Factory Boss Fined After Ignoring Enforcement Notice

The Owner of a former factory has been fined after breaching the requirements of a Fire Safety Prohibition Notice.

Devon and Somerset Fire and Rescue Service (DSFRS) officers inspected a factory called Zigzag in Glastonbury. The premises is a large former three-storey factory, and was found to have all floors in use providing various functions, such as a large kitchen area with LPG gas cooker and wood burning oven on the ground floor; a cinema and art gallery on the first floor and a even yurt located on the second floor used for a place of contemplation!

The inspection identified several serious deficiencies in the fire safety provisions including a lack of a suitable automatic fire detection and warning system, an external stair in such a poor state it was not even safe to use, an internal wooden stair which was open to all levels offering no protection in the event of a fire, excessive travel distances to exits a lack of fire exit signs and lack of emergency lighting. Due to the dangerous conditions found at the premises a Prohibition Notice was served by the visiting fire officer – effectively stopping use of the building until such time as the requirements of the Notice are complied with.

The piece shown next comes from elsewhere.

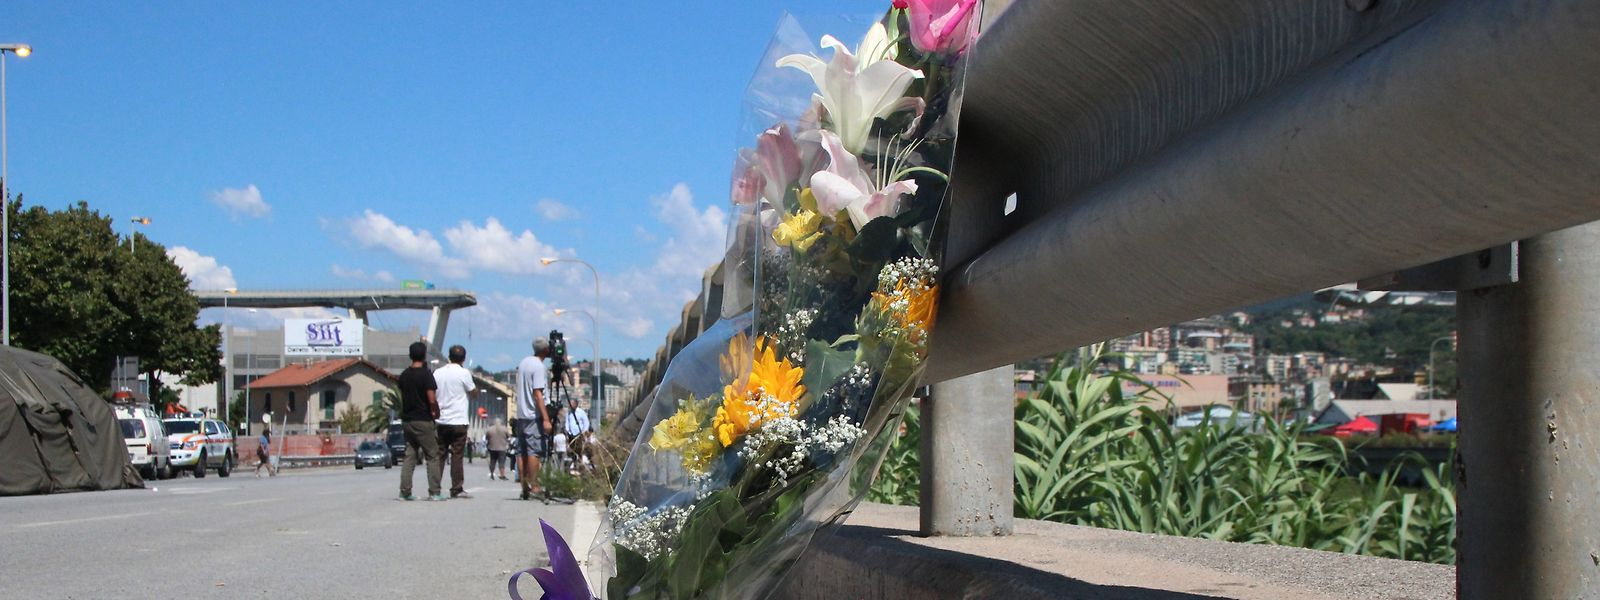 Ein Blumenstrauss steht in einiger Entfernung von der eingestürzten Brücke.

Following the serving of the Prohibition Notice, officers made several visits to the premises as it was recognised that the extent of work and funds available to its owner would mean it may take considerable time to bring the premises up to the required standard. During this time the Prohibition Notice remained in force and the owner was reminded of the requirements of the notice.

A year later, another inspection of the premises was carried out by DSFRS and it found evidence that the requirements of the notice had been breached on a number of occasions. During a subsequent interview, the owner admitted that he had allowed the use of the upper floors even though he knew the Prohibition Notice remained in force!

The owner appeared at Taunton Crown Court on 29 September 2017 and pleaded guilty to breaching the requirements of a Prohibition Notice. He was ordered to pay a fine of £500 and a £500 contribution towards costs incurred by the Fire Authority.

The court heard how the owner was fully aware of the notice and the restrictions imposed on his premises. Without implementing any suitable measures or obtaining advice he allowed the upper floors to be used knowingly putting people at risk. His actions demonstrate a complete disregard to the safety of himself and others.

The decision to serve a prohibition notice is not taken lightly and is only issued where there is a serious and imminent risk of death or serious injury in the event of a fire. These must always be followed, or if you don’t agree with what an Officer is requiring, they should be appealed at the earliest opportunity – they should never be ignored though.